Rosemary Stambaugh, widow of Del. Warren G. Stambaugh, announced yesterday that she will seek the Democratic nomination for his seat in the Virginia House of Delegates, setting up what is expected to be a heated race with civic activist Karen Darner. Darner announced her candidacy for the nomination over the weekend.
"Warren left an unfinished agenda I think needs to be completed," Stambaugh said yesterday, as she cited her husband's work on mental health, education and transportation and on behalf of the disabled.
Other potential Democratic candidates have bowed out, leaving Darner and Stambaugh to face each other in a Democratic Party caucus Dec. 5. The general election for the South Arlington seat is Jan. 8.
Darner, 45, a speech and hearing therapist for the Arlington schools, is a longtime member of Arlington's political establishment and a former Richmond legislative aide. She recently returned from two years in the Peace Corps.

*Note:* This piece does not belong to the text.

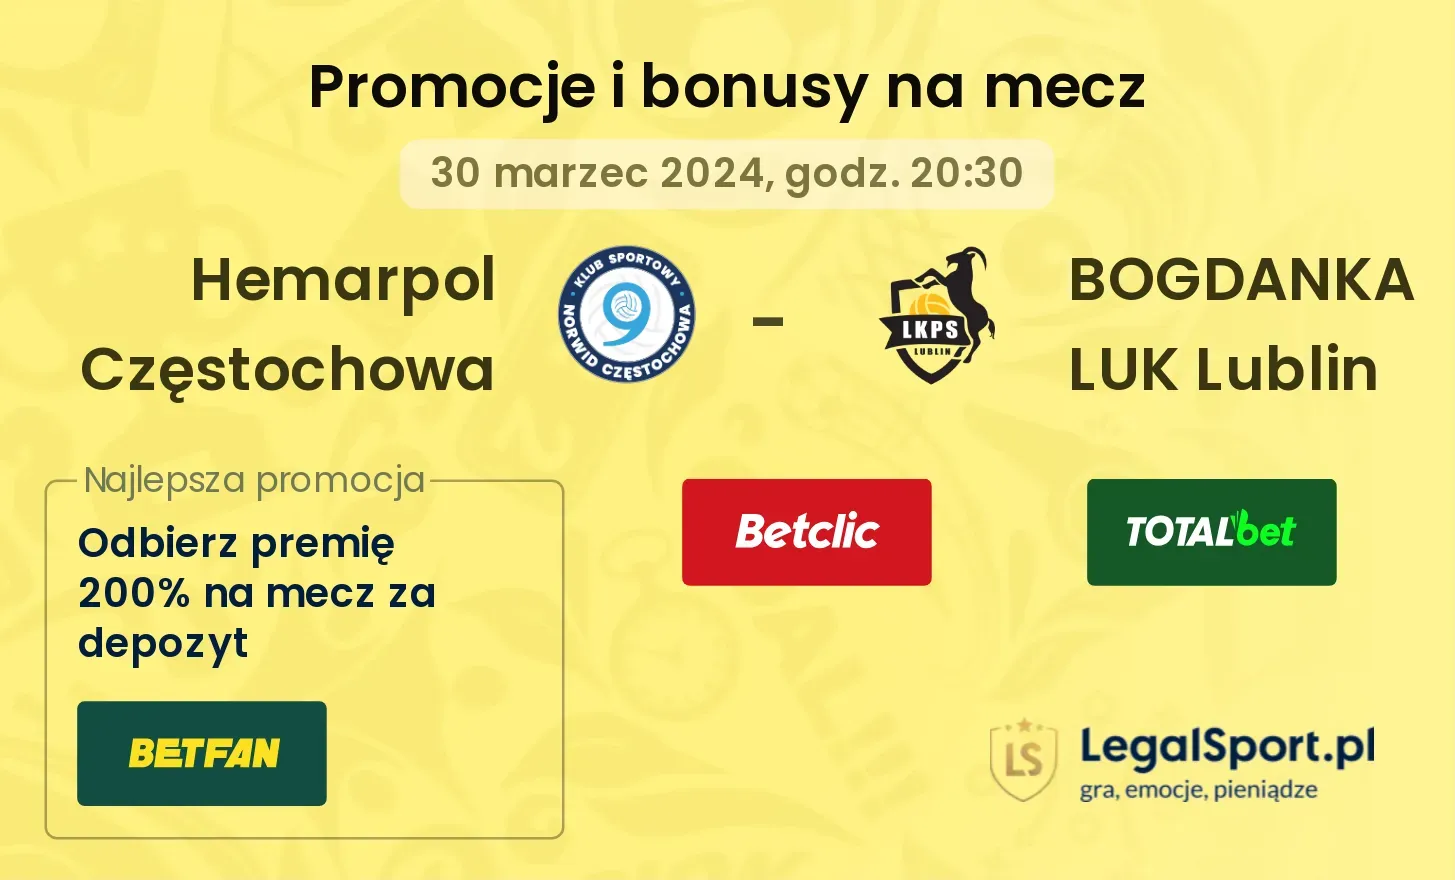 Hemarpol Częstochowa - BOGDANKA LUK Lublin promocje bonusy na mecz

Stambaugh, 44, is a former congressional staff director, federal employee and local political activist. For the last two years she has owned a business, Got It Maid Inc., a residential cleaning service.
She acknowledged she cannot match Darner's civic re'sume', saying her energies for many years were devoted to her job and two children, who are now grown. But, she said, "I'm a known quantity in Richmond."
As a senior staff assistant of the House Post Office and Civil Service Committee in 1979, Stambaugh also said she led an investigation into sexual harassment in the federal government, which resulted in federal guidelines on the problem.
Darner is a past president of the Mental Health Association of Northern Virginia and of the Arlington League of Women Voters. She is a former aide to state Sen. Edward M. Holland (D-Arlington).
"I've been involved in the community for a very long time, trying to make life better for Arlington residents," she said.
She said her experience in Richmond and as a lobbyist on behalf of causes such as mental health make her "highly qualified" for the post.
Candidates for the Republican nomination, Alice Tennies, a schools activist and critic of sex education, and J.D. Millar, the vice president of an international trading firm, will face each other in a party canvass Saturday.